There are further procedural questions. Are the political and military leadership in a state that has not signed up to the ICC—such as Israel—lawfully to be treated in this way? The court says yes, with Netanyahu and the defence minister Yoav Gallant vulnerable on account of an earlier ruling that Israel’s conduct within Palestine brought it under the court’s remit. (Palestine has already signed up.) But can the current leader of a government be subject to a warrant for his or her arrest? Again the court says yes, the cases against President al-Bashir of Sudan and Charles Taylor of Liberia being the legal authorities (albeit this lack of immunity remains controversial).

Then there is the practical effect of the ICC’s move. If warrants are issued, will any of the five men be arrested? The 124 state parties to the Rome Statute of the ICC will be obliged to arrest them if they turn up within their countries, but that still leaves quite a few boltholes: the US for the Israelis (as well as Israel itself of course), Qatar and Iran for Hamas. And if arrested, will any of them be successfully convicted? The court operates on the presumption of innocence, with proof being required “beyond reasonable doubt” of which it has to be “convinced”.

A question that is often central to international law is whether an intervention will impede the chances of an early end to violence in the region. The Hamas leaders are probably fairly indifferent to the ICC, and so their strategic position is unlikely to be affected by it. Netanyahu and the government he leads are in a different, altogether more vulnerable position. It is possible that the warrants will be a last straw, leading to the collapse of an already embattled administration—one whose civilised exterior has been rent asunder by the cumulative legal consequences of its actions in Gaza. Netanyahu may be aware that it is not unusual for those who end up in ICC custody to have been turned in by their own countries, a useful way for new regimes to mark a break with the past. It is no longer only domestic criminal proceedings that he has to worry about.

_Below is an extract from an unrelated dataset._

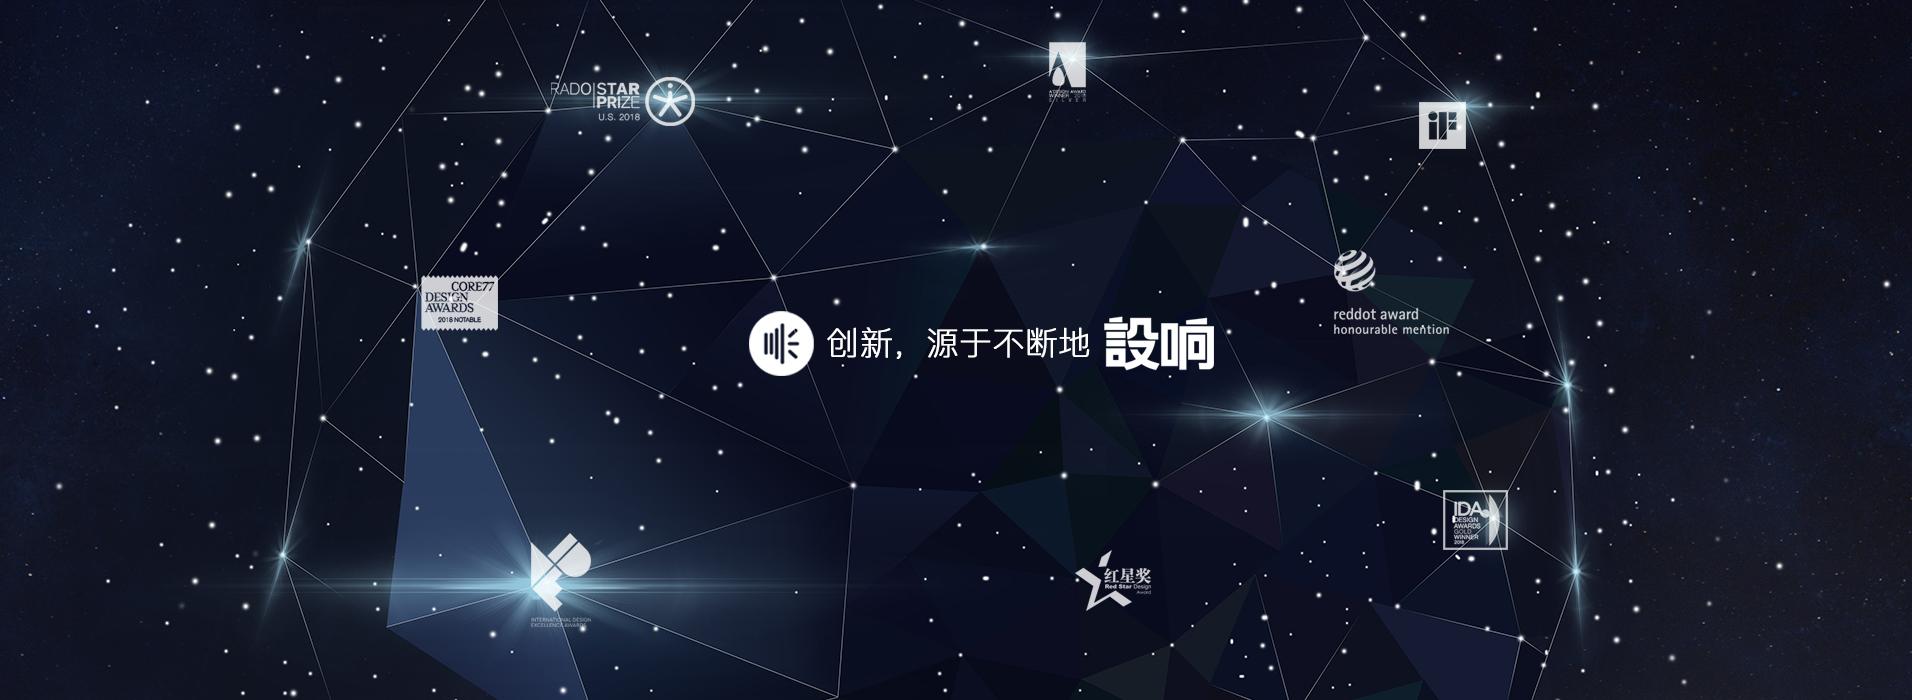 上海工业设计公司,电动车设计,产品外观设计,叉车设计,VI设计

The extraordinary impact of what is, in one sense, a technical procedural move can be seen in the reaction. The US president has denounced the prosecutor for his “outrageous” implication of equivalence between Israel and Hamas, while Netanyahu has called the decision a “moral outrage of historic proportions”, one made by one of the “great antisemites in modern times”. Like the proceedings under the entirely separate Genocide Convention currently before the International Court of Justice (ICJ)—which have now produced a dramatic demand for the immediate cessation of the Israeli military offensive in Rafah—the fact of court proceedings (or, in the ICC’s case, the mere initiation of a process that might lead to such proceedings) is a huge event in a way that is quite separate from whatever their outcomes might eventually be. In a world of post-truth, where assertions are amplified into supposed facts by the power of those making them and when even what we see with our own eyes is subverted by the distortion that swirls around it, law stands out as an old-fashioned exception to what has become the norm. Law retains a commitment to facts that is compelling precisely because it seems to come from another era—it is a holdover from a time when truth mattered, and when it was not ridiculous to think it could be established.

Finally, there is the shifting balance of power. From its inception, international law has been viewed as largely the servant of power: colonial, imperial, and more recently that of the global north. Those currently in custody awaiting trial at the ICC are all African, and those for whom warrants have been issued but who have so far escaped the clutches of the court are also overwhelmingly from that continent. 

The current proceedings before the ICC show that that this regional focus is no longer inevitable. International law has been developing its own institutional autonomy, its staff and judges believing in the global idea that underpins their mandates. The powerful states that created these international bodies made the mistake of believing that their universal jurisdiction could be safely conceded because it would never be turned on them. No more. Law commands its own loyalties according to rules, not rulers.